Natascha Badmann, of Switzerland, celebrated as she crossed the finish line to win the women's division of the Ironman triathlon yesterday in Kailua-Kona.
Al-Sultan extends dominance to Hawaii
KAILUA-KONA » Faris Al-Sultan regained his lead early in the run and won the Ironman Triathlon World Championship here yesterday.
His time was an unofficial 8 hours, 14 minutes and 16 seconds, the fourth-fastest finish for the Hawaii race.
"This is incredible; I don't believe it." he said. Prior to the race, the 27-year-old from Munich, Germany, said he just wanted to finish in the top five again. He was third last year.
Al-Sultan, who won the Arizona Ironman race earlier this year, had led through most of the 112-mile bicycle ride, which took the athletes through barren lava fields and rolling ranchlands. Torbjorn Sindballe of Denmark took the lead at about the 100-mile mark but Al-Sultan regained the lead between the second and third miles of the 26.2-mile run.
Sindballe, 28, faded and finished in 9:08:38 in 49th place.
Cameron Brown of New Zealand was second in 8:19:33, and three-time winner Peter Reid of Canada was third in 8:20:04.
Natascha Badmann of Switzerland came from behind to win her sixth women's title. Her time was 9:09:30.
Michellie Jones of Australia took the lead early in the bike race and had a lead of almost 9 minutes going into the run. But after serving a 4-minute penalty, Badmann dug in and caught her around the 16-mile mark of the run. Jones was second in 9:11:50. Kate Major of Australia was third in 9:12:39.
Unusually light winds allowed for fast times on the bike for the elite athletes. But clear, sunny skies created humid conditions for the run.
Hirokatsu Tayama, 23, of Japan, was first to finish the 2.4-mile swim but quickly fell behind on the bike. He finished in 29th place with a time of 8:51:58.
More than 1,800 athletes from all 50 states and 51 countries, and from ages 19 to 80 were registered for the 140.6-mile endurance test.
Most of the sport's top professionals were vying for $580,000 in prize money.
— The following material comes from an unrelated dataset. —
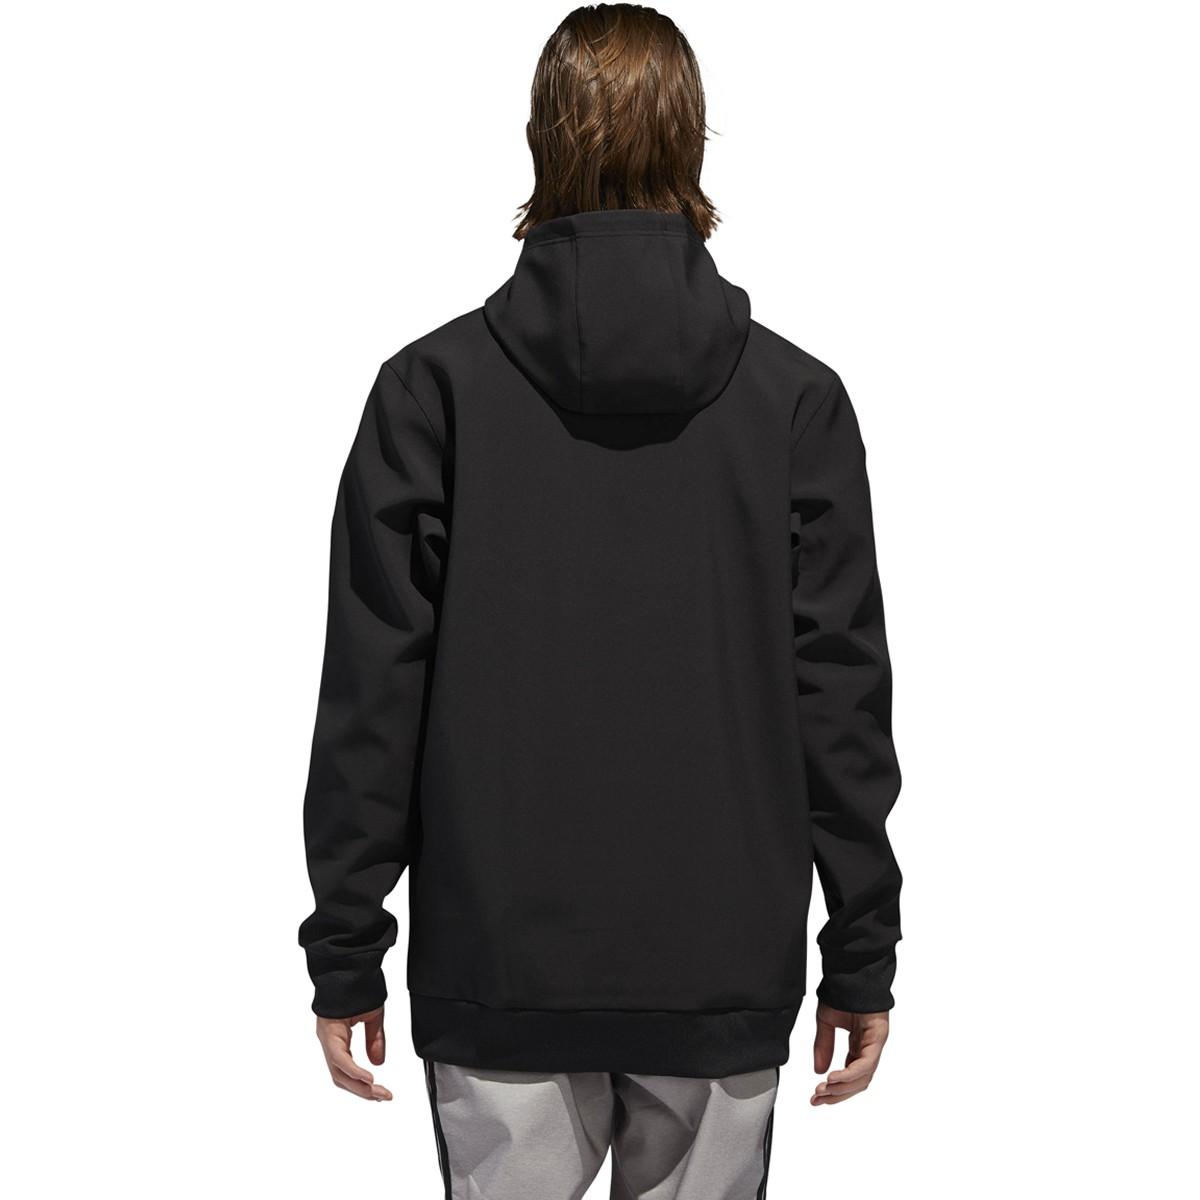 Adidas 2XL For Creators Men's Athletics Team Issue Full Zip Hoodie Bos Logo
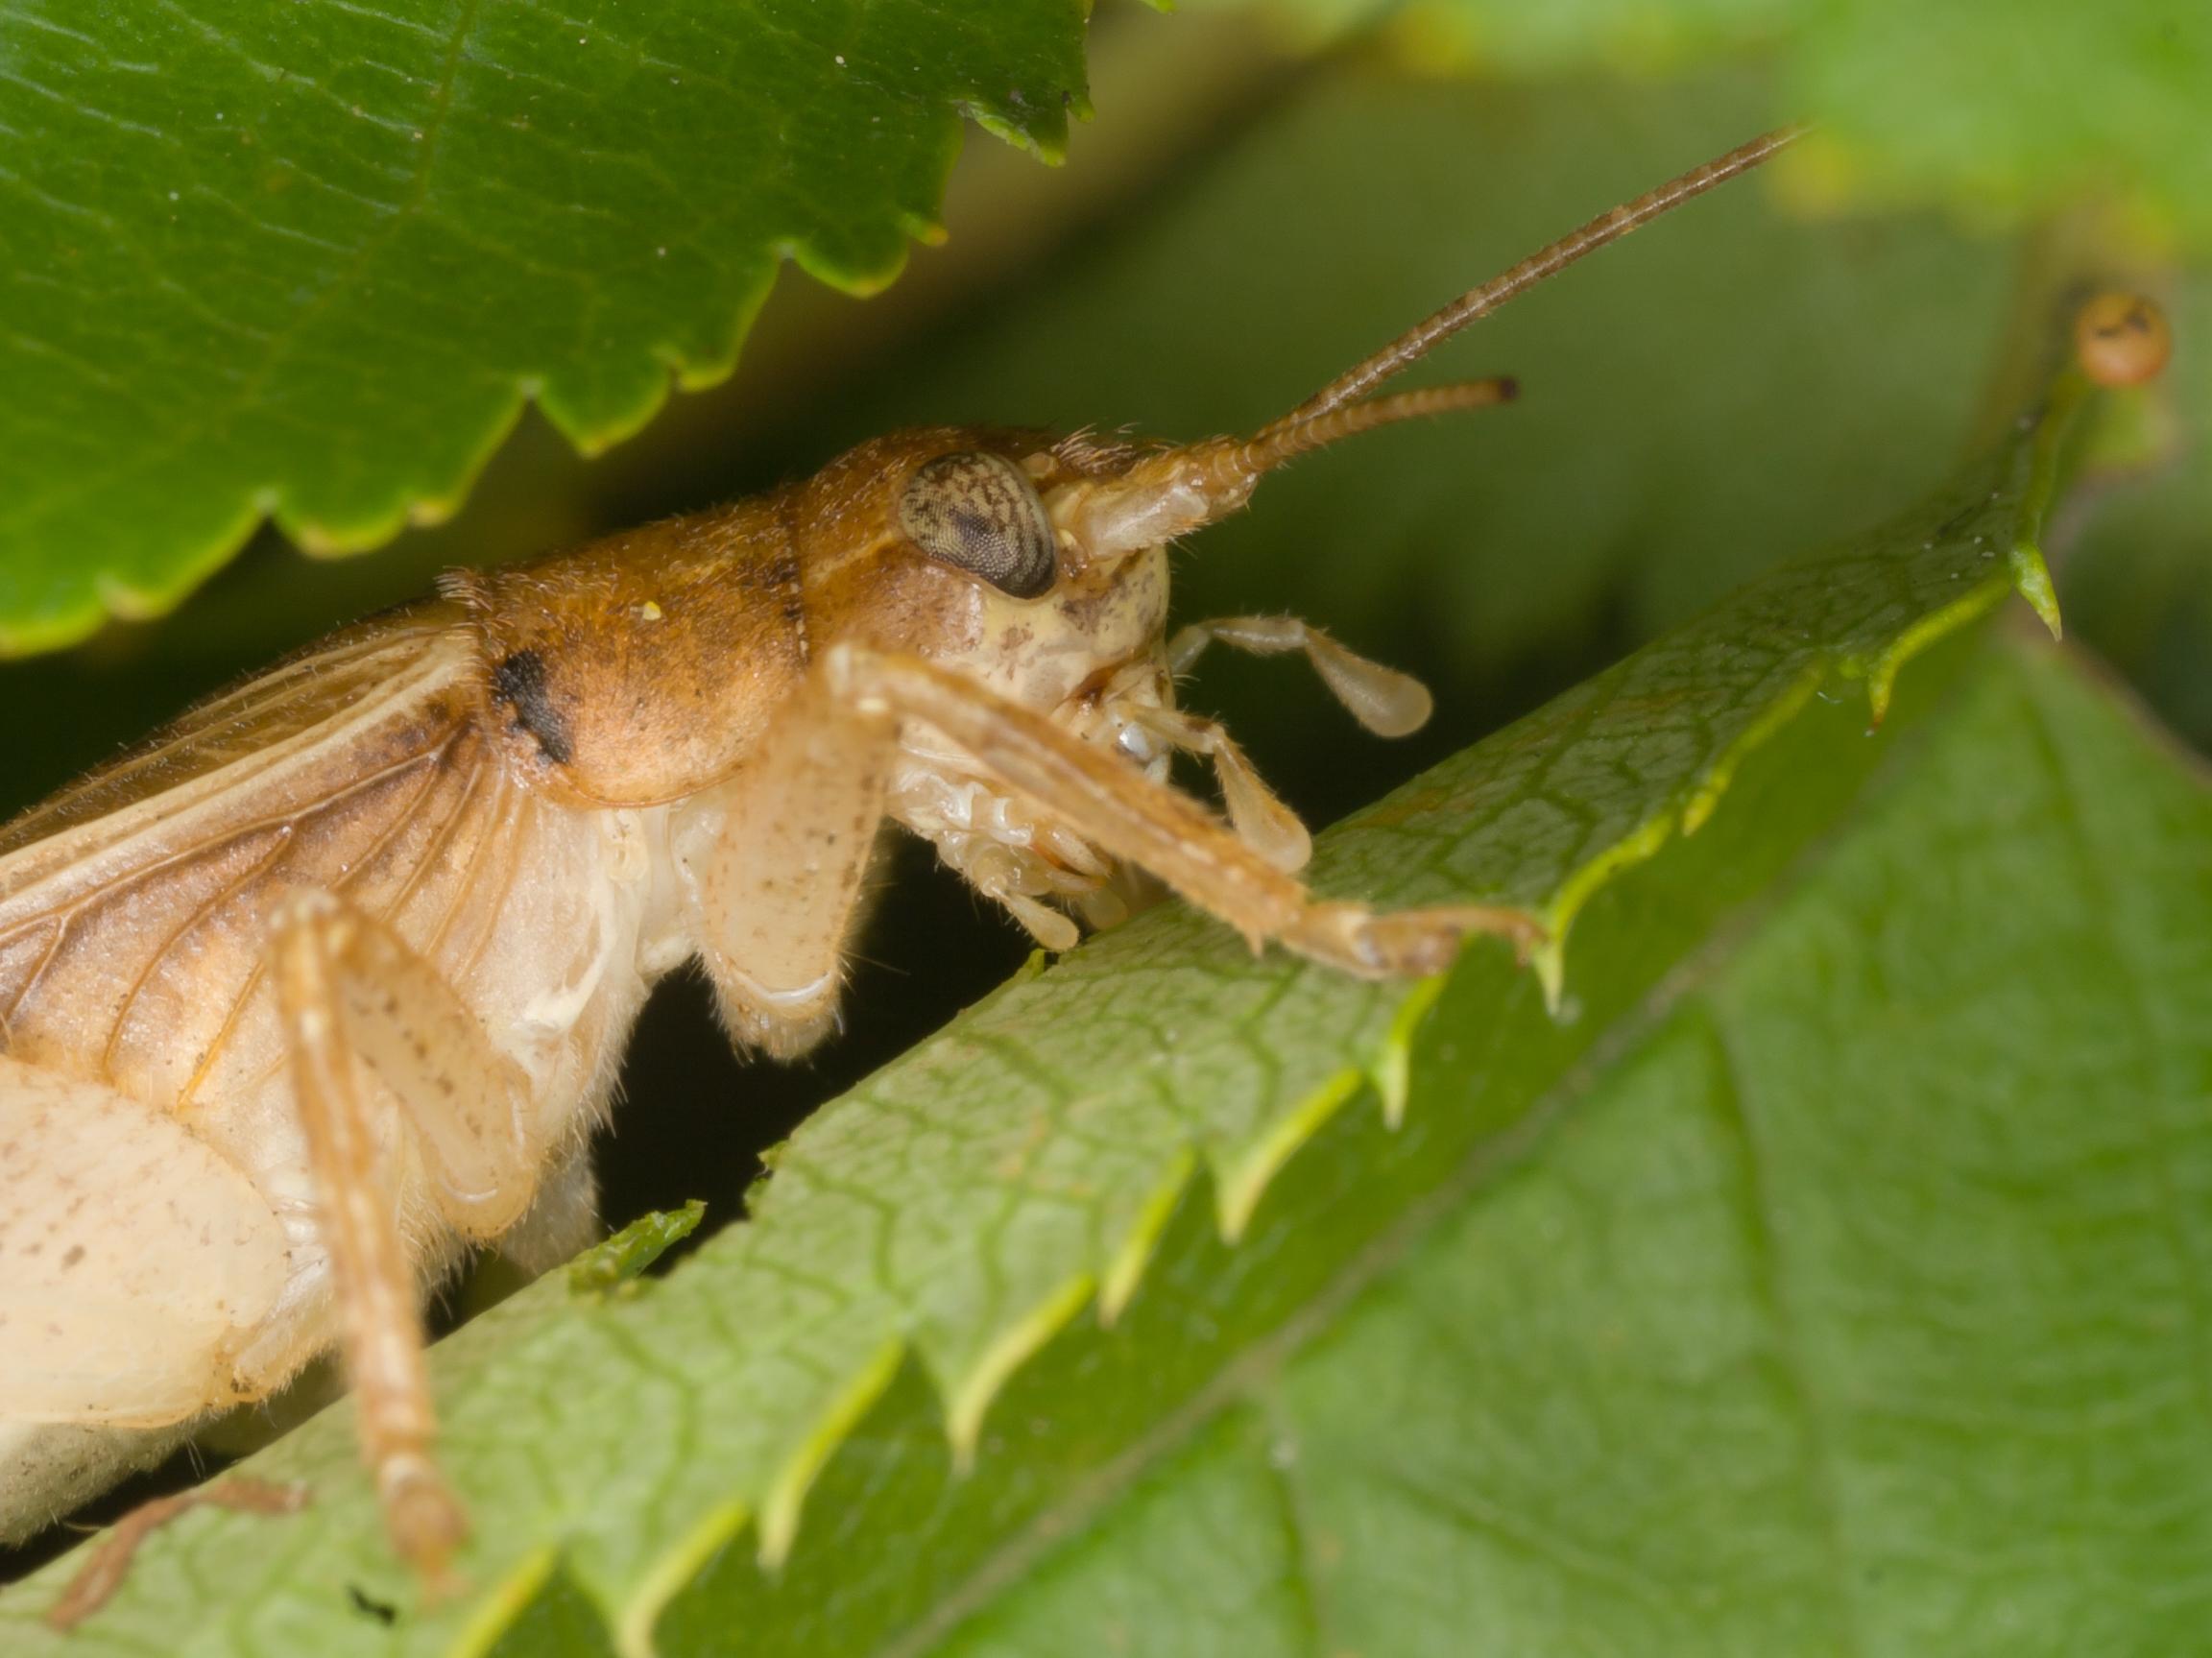 Cricket - Order: Orthoptera, Family: Gryllidae

The first male and female each receive $110,000. Al-Sultan and Jones also each received $10,000 in premiums.
The field included defending champion Normann Stadler of Germany, who dropped out late in the bicycle ride after two flat tires.
Also competing was Luc Van Lierde of Belgium, who set the course record of 8 hours, 4 minutes and 8 seconds in 1996. Paula Newby-Fraser of Encinitas, Calif., set the women's record of 8:55:28 in 1992.